Hydrogen is one of the fuels which will most likely replace fossil fuels in the future. Therefore a lot of manpower and material resources have been invested in research and development of hydrogen fuel in recent years. Now, the focus of such development is on hydrogen production, hydrogen storage, hydrogen transport and the combination of hydrogen and fuel cells. In early days, United States Department of Energy (U.S.DOE) had proposed a hydrogen storage standard for a hydrogen powered vehicle based on achieving a driving range of 500 km. The standard hydrogen storage is aimed to be 9 wt % by 2015.

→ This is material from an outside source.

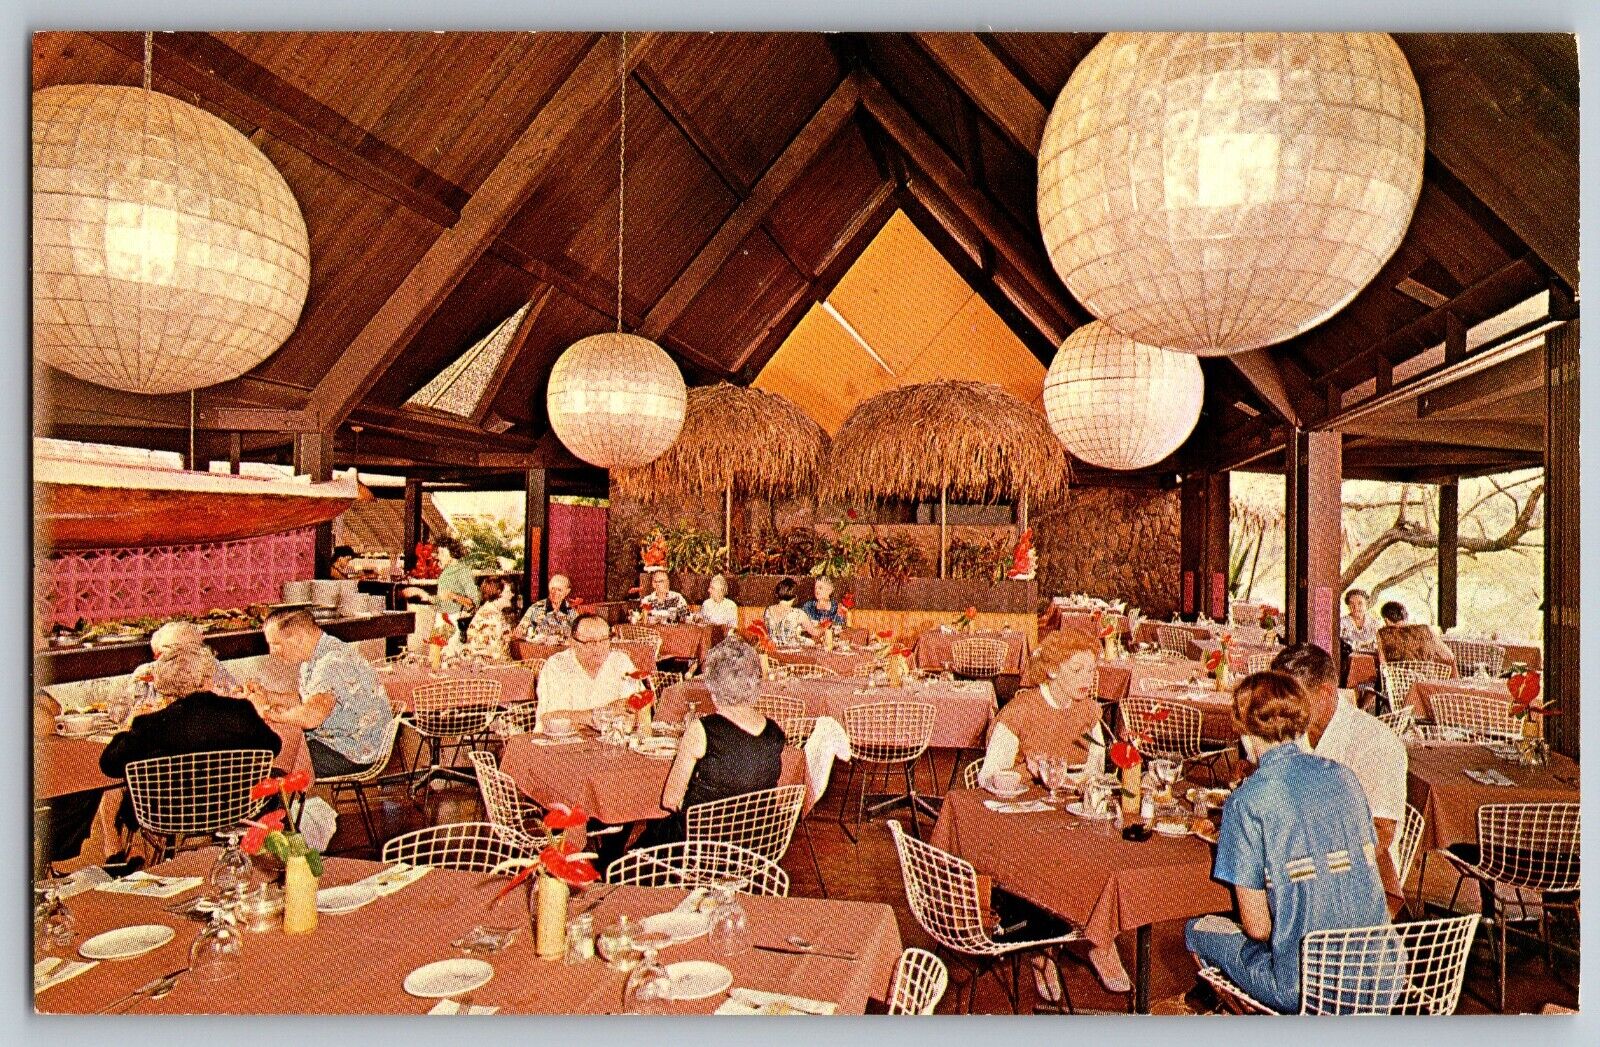 Hawaii HI - Dining Room - Kauai Surf Hotel - Vintage Postcard - Unposted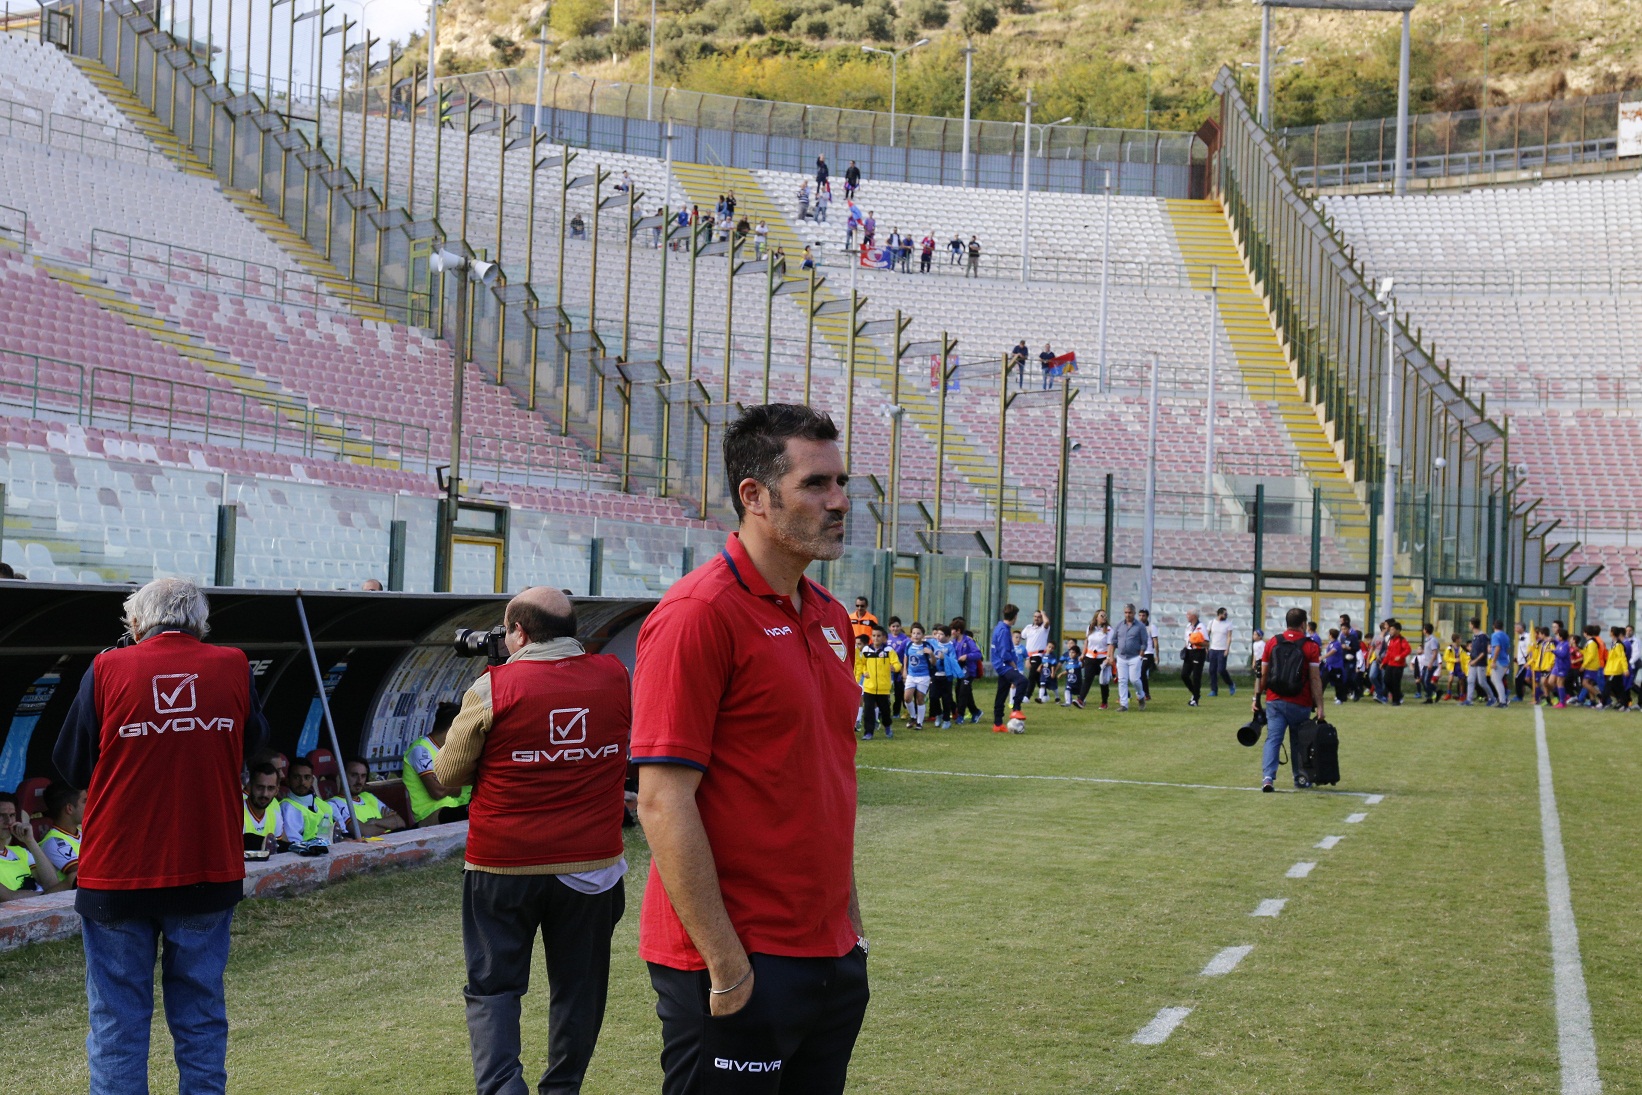 Clamoroso a Messina: sciopero giocatori capeggiato da Lucarelli, salta trasferta a Pagani?

Hydrogen has a major by-product, water, which has several advantages such as low pollution. Further, because hydrogen is a secondary fuel and it is abundant and recyclable, a more efficient and diverse supply and demand system of sustained energies may be constructed as long as technical difficulties in production, storage, transport and application are overcome. Thus every country considers it as the most preferable secondary fuel to replace fossil fuel, so as to increase national energy security and reduce air pollution. Therefore, development and application of hydrogen have received a great deal of attention recently. Hydrogen storage technology has to be enhanced in order to easily use hydrogen. The goals of hydrogen storage technology includes: gravimetric storage capacity, volumetric storage capacity, hydrogen release rate, and operating temperature etc.
The present method of hydrogen storage is mainly high-pressure storage or low-temperature storage (20K) system in which liquid form is most preferred. The current gravimetric storage density is about 15 wt % and the highest density reaches 18 wt %. However, a gravimetric storage density of only about 2.3 kW/hl is not ideal. There is still a gap between the current storage technology and the goal set for 2015. Furthermore, the temperature of hydrogen storage is too low to meet the demand for real application in reality. Thus the present study of hydrogen fuel is focused on a high storage capacity at normal temperature.
Research of physical absorption and chemical absorption between hydrogen and materials, a major factor of hydrogen storage, is mainly focused on active carbon, single-wall carbon nanotubes, and microporous metal-organic frameworks (MOFs), which is the most popular research topic now. A sample pellet of hydrogen storage prepared by said three materials will absorb a large amount of hydrogen by physical absorption and chemical absorption.
From a considerable amount of previous research, a high hydrogen storage capacity at normal temperature is believed to be an important index for application in reality and play a key role in carbon materials in the future to achieve the goal of effective hydrogen storage. In addition, in order to improve physical absorptive ability, there must be a breakthrough in the following three factors affecting hydrogen storage ability including: binding energy of hydrogen to absorption materials, surface area provided for hydrogen storage, and bulk density of sample pellet of hydrogen storage.
As for hydrogen storage of carbon materials, the use of active carbon is the main developing point in which the development of Pt/AC materials is improved increasingly, wherein the gravimetric storage capacity thereof is greater than 11 wt % in 6.9 MPa at room temperature. However, the apparent density is only about 0.35 g/cm3 after supported by Pt particles in proper proportion by weight due to the distribution of active carbon powder with size of 0.1˜20 μm and specific surface area of about 1800 m2/g. Thus, the converted volumetric hydrogen storage density is only about 38 KgH32/m3. Such a hydrogen storage capacity filled in a hydrogen cartridge is difficult to satisfy the DOE's target.
AC pellets were formed in a previous method by directly pressing AC powders at room temperature, and the apparent density will be substantially increased to about 0.9 g/cm3. However, the catalyst Pt particle did not uniformly distribute throughout AC pellets even with vacuum suction method, causing the substantial decrease in gravimetric hydrogen absorbing capacity. Therefore, how to prepare a Pt/AC pellet with slightly increased apparent density as well as increased volumetric hydrogen storage capacity is still a challenge.